Print the listing exactly as it stands, and skip any pictures in it.

PROVIDED DATA -
====
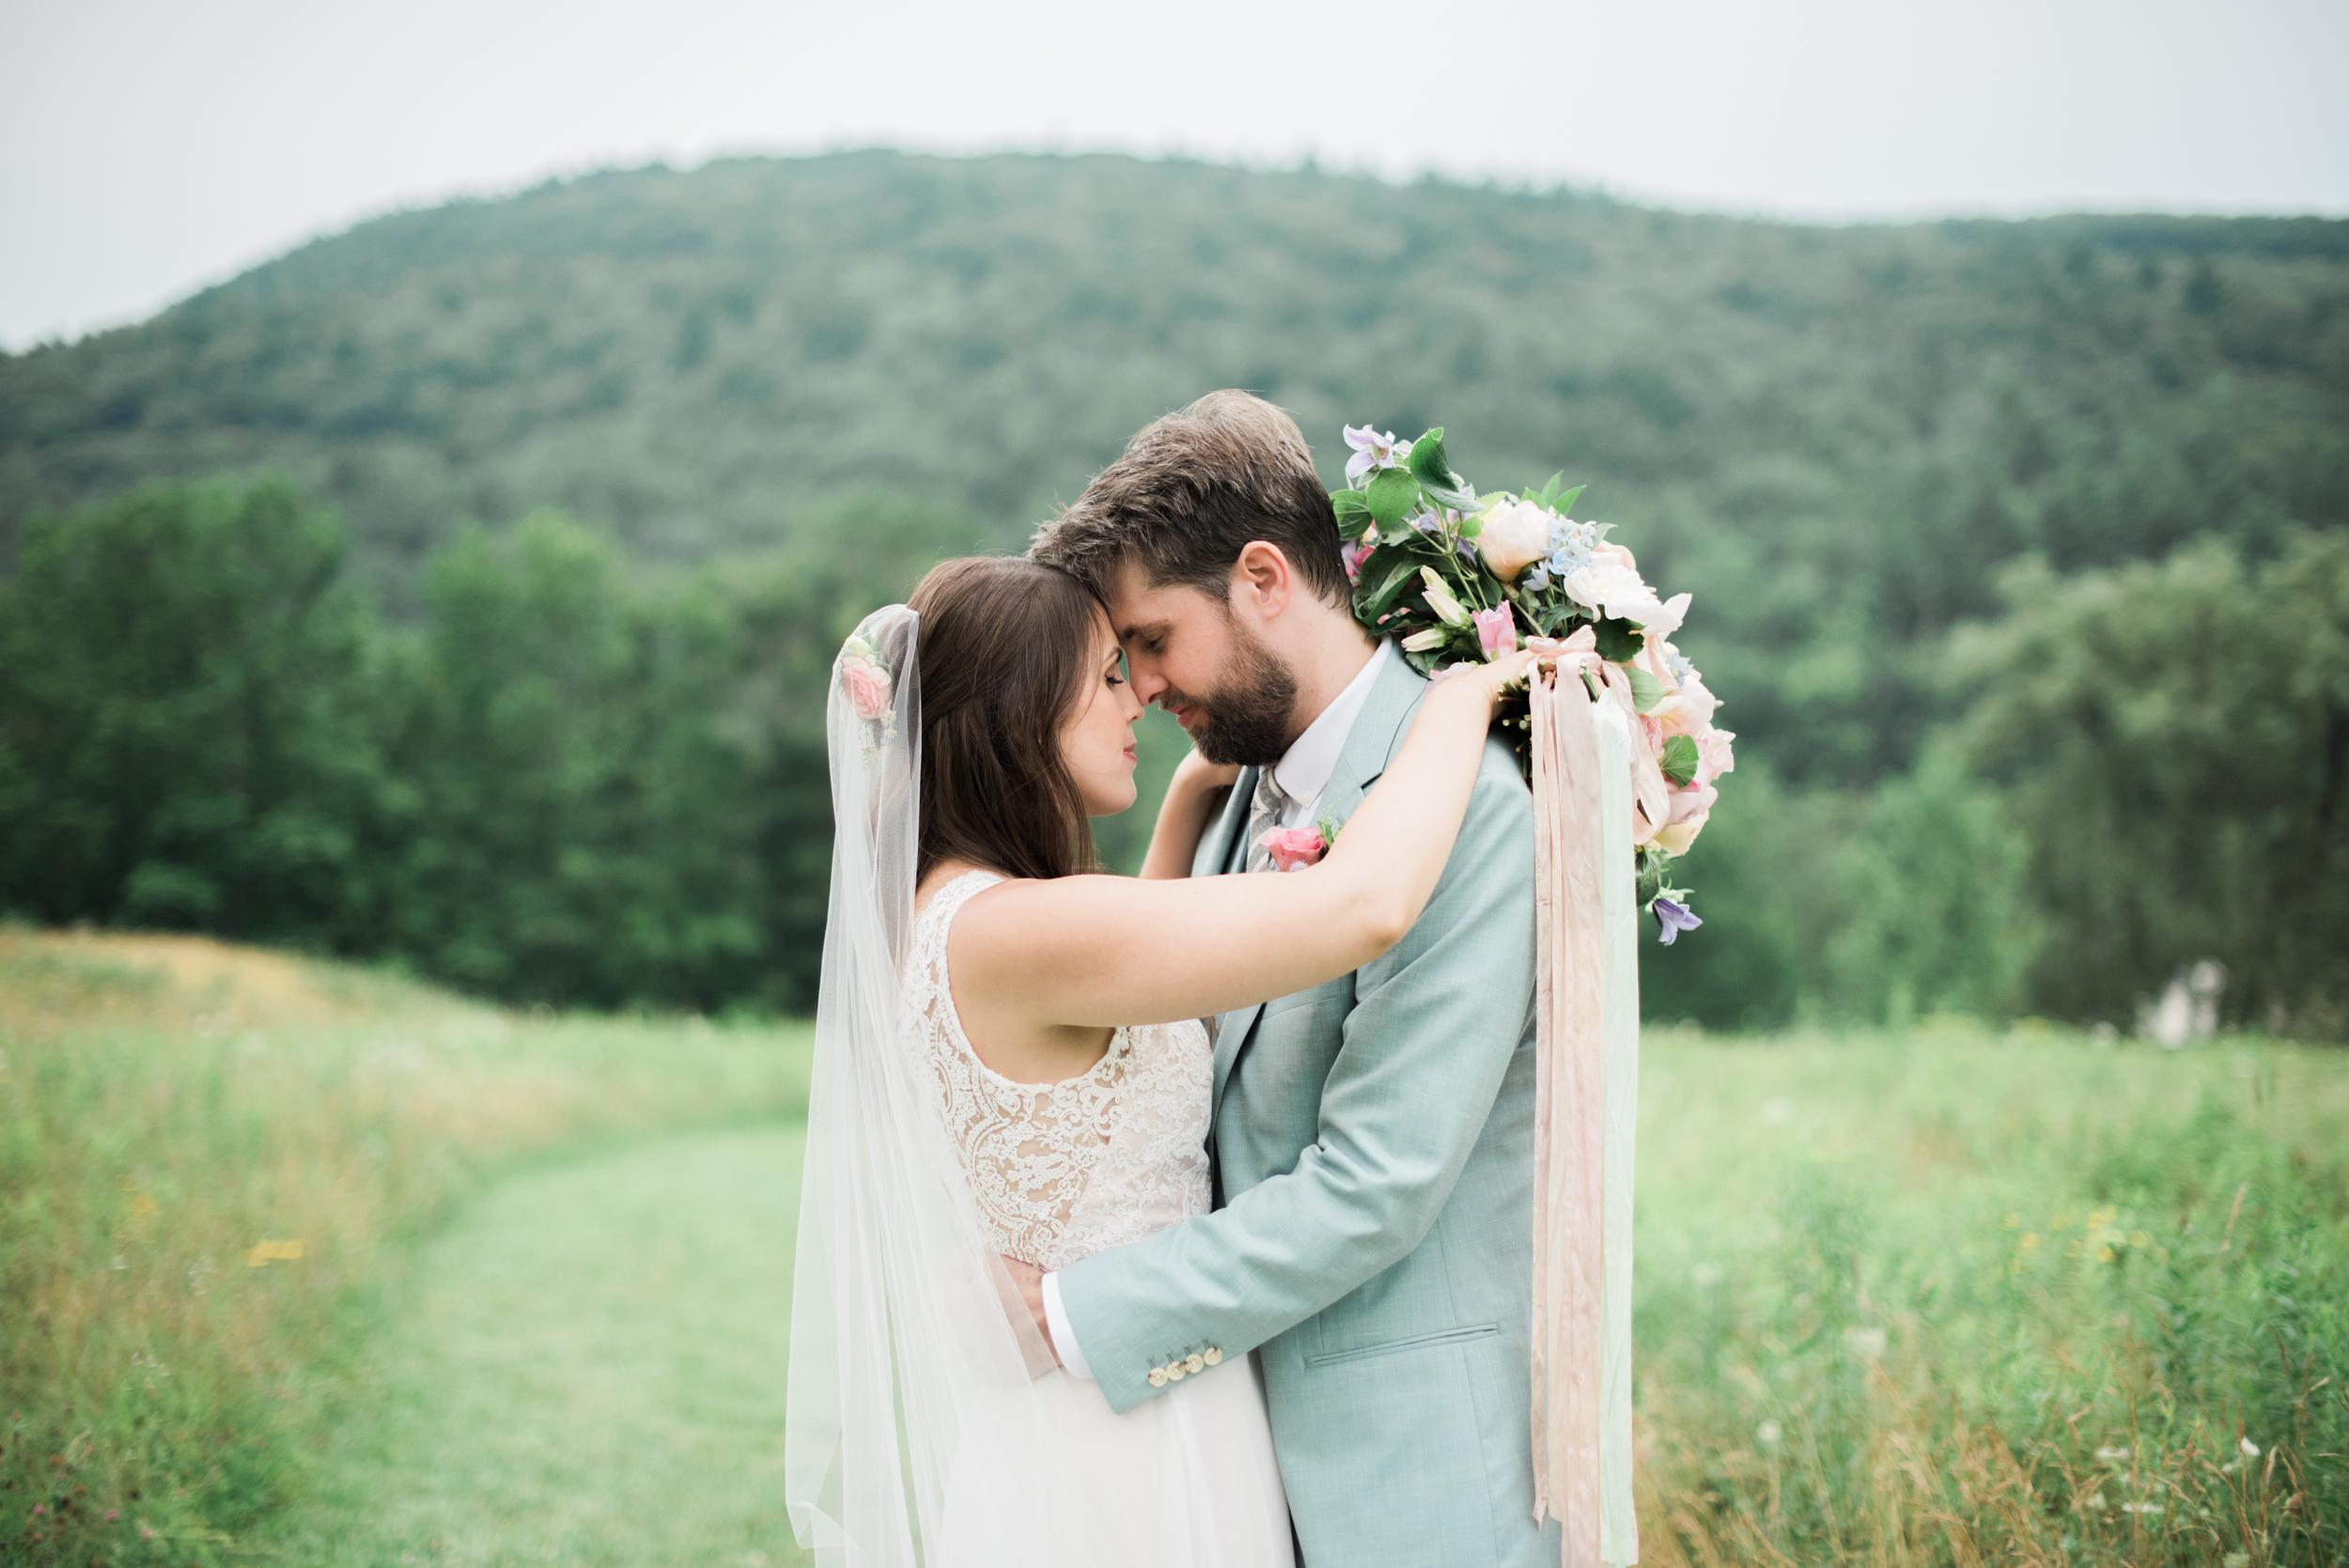 Outdoor Wedding photography in the berkshires
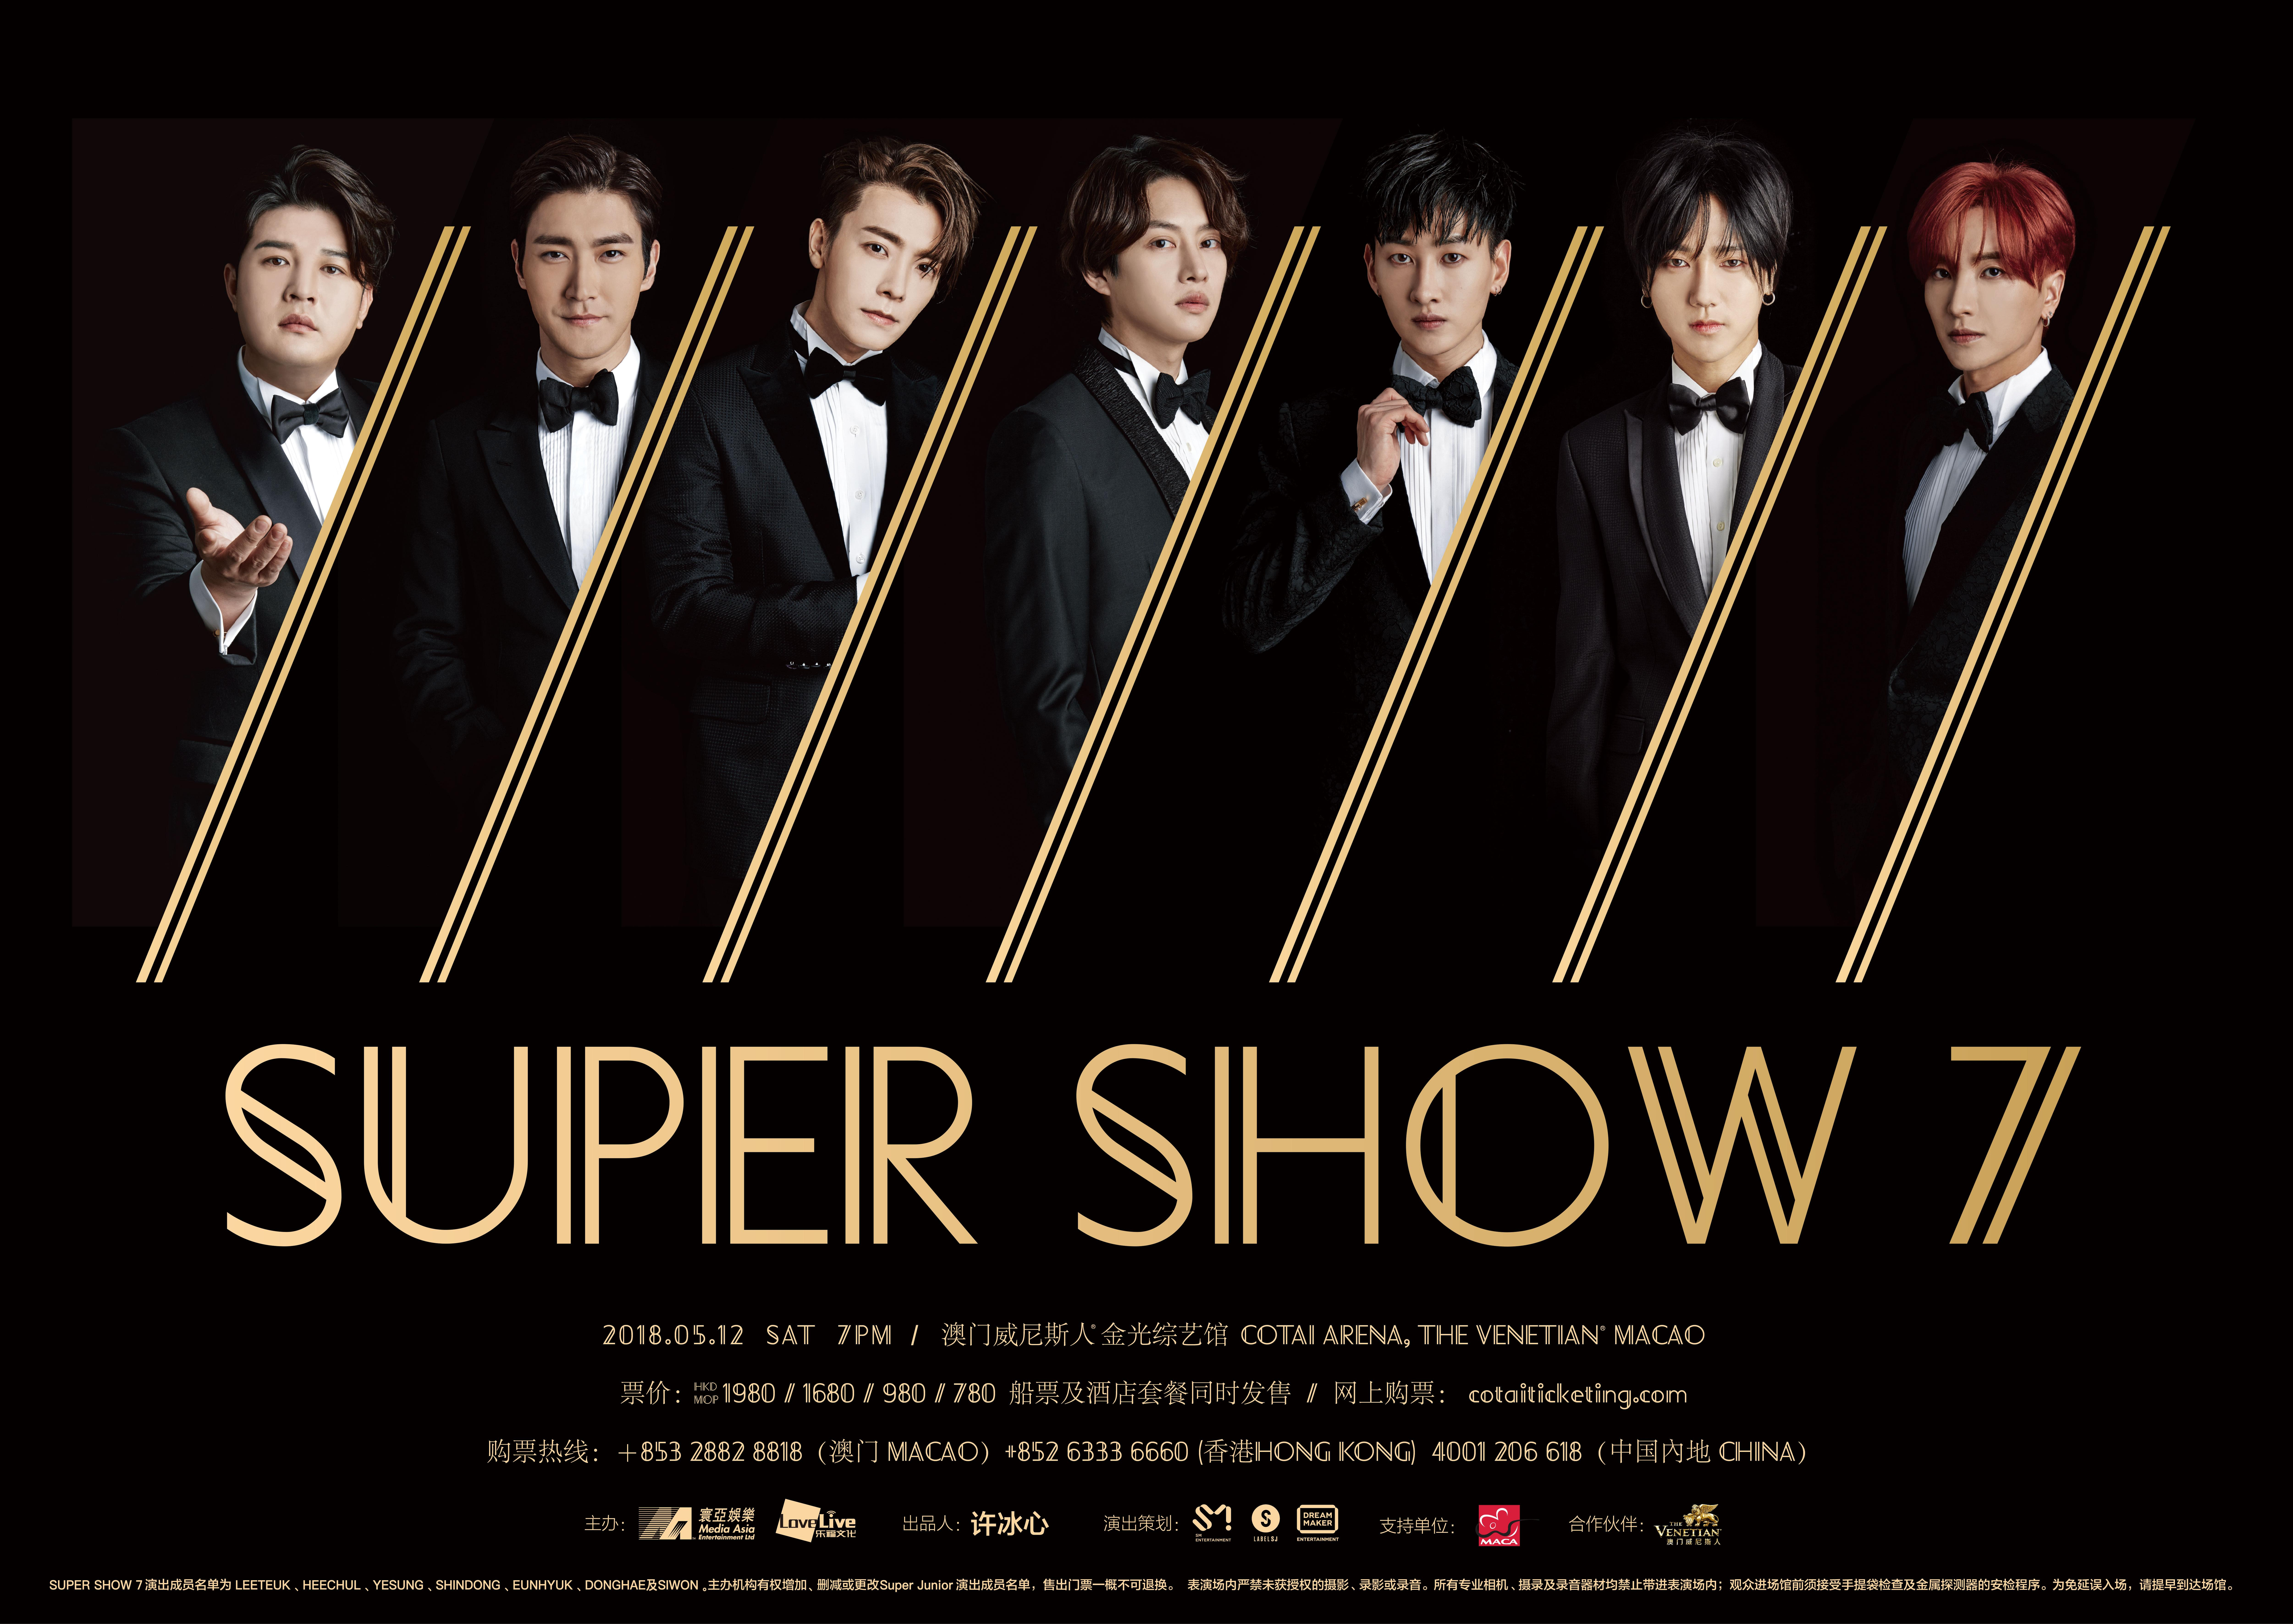 《SUPER JUNIOR WORLD TOUR 'SUPER SHOW 7' IN MACAO》澳门威尼斯人金光综艺馆
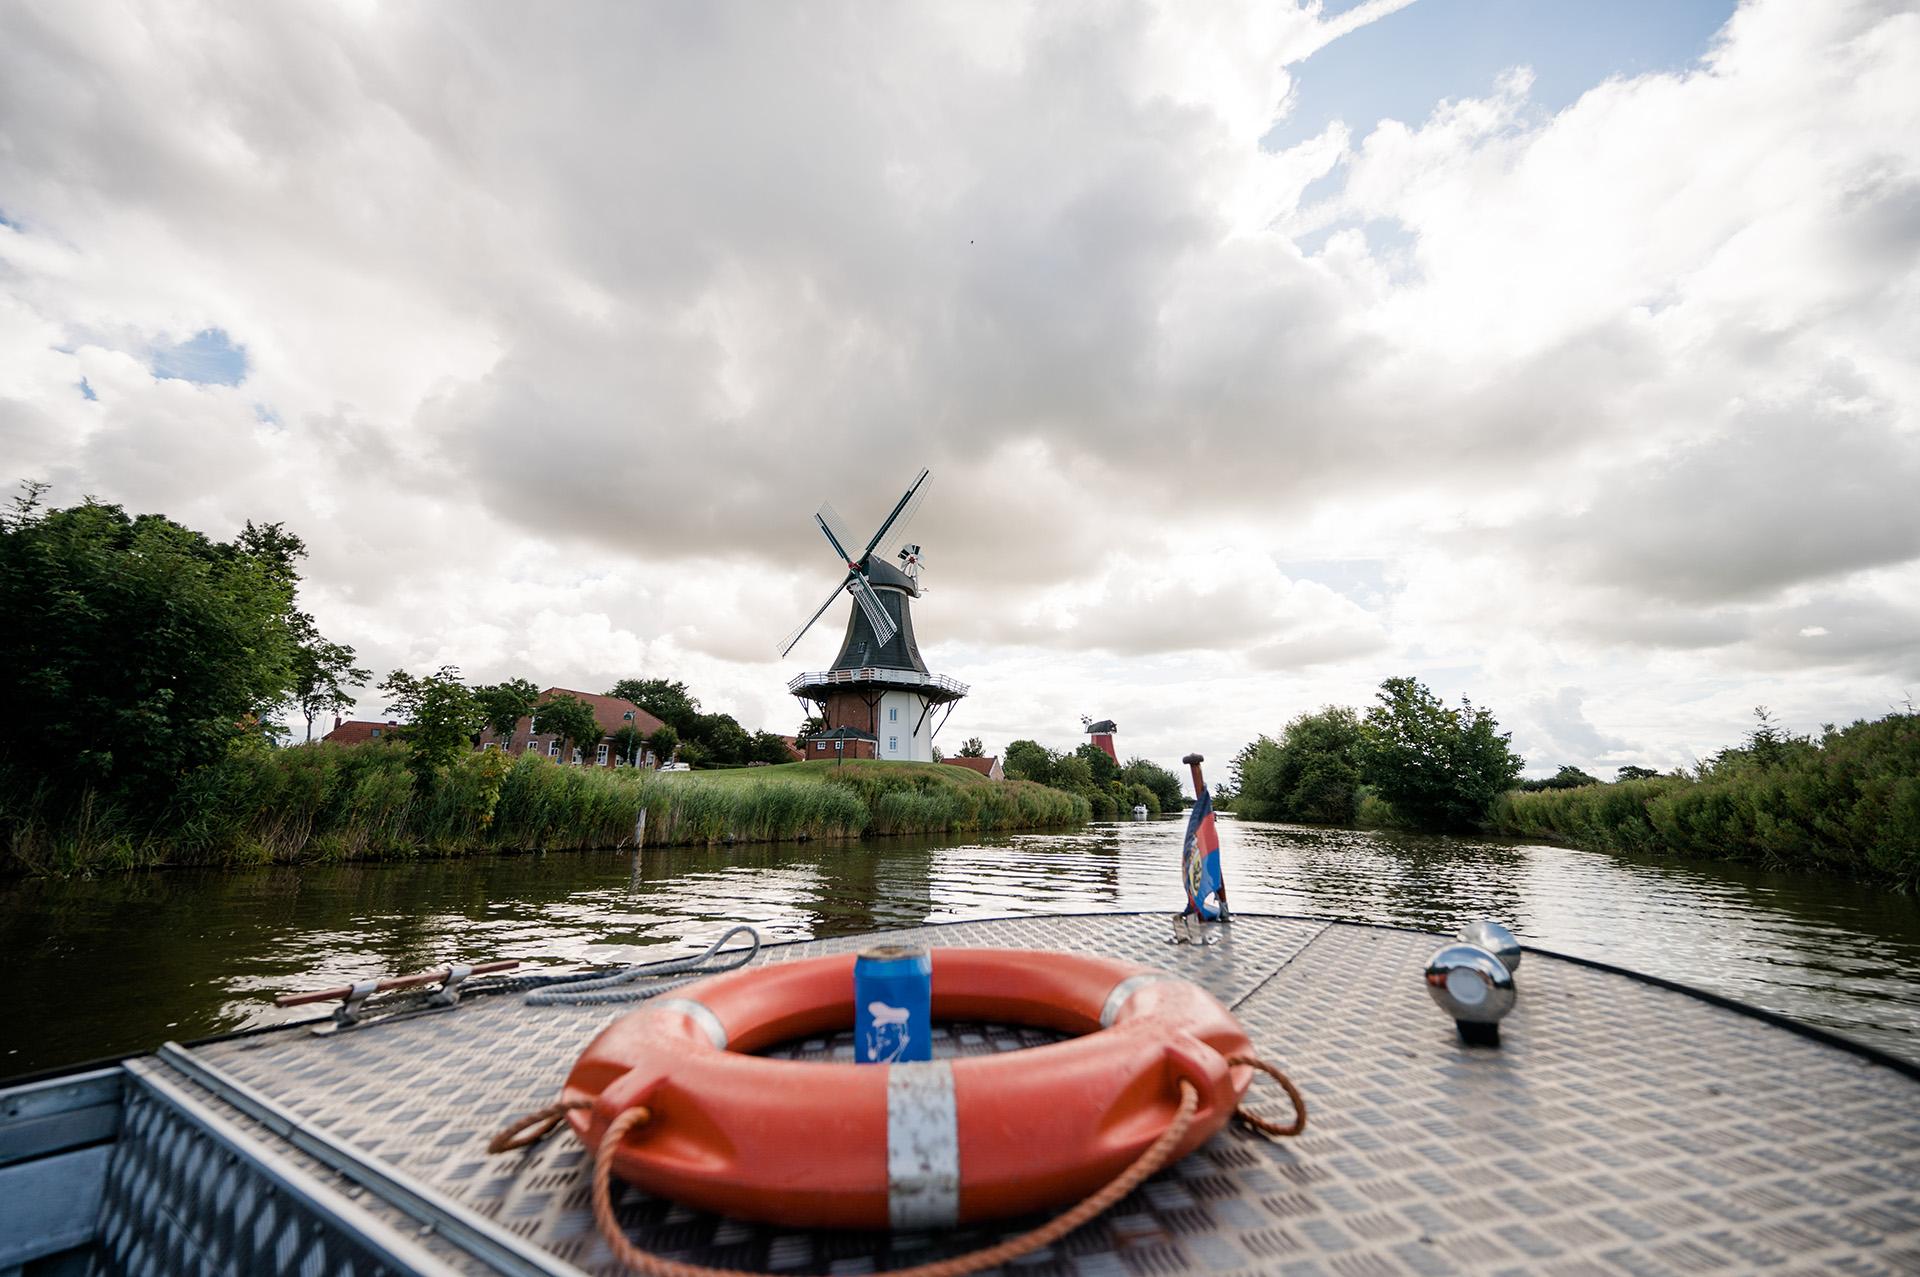 Camping am Deich, Greetsiel, Zwillingmühlen, Kanal-Bootsfahrt
====
THE COMPLETED TASK -
 Outdoor Wedding photography in the berkshires
 《SUPER JUNIOR WORLD TOUR 'SUPER SHOW 7' IN MACAO》澳门威尼斯人金光综艺馆
 Camping am Deich, Greetsiel, Zwillingmühlen, Kanal-Bootsfahrt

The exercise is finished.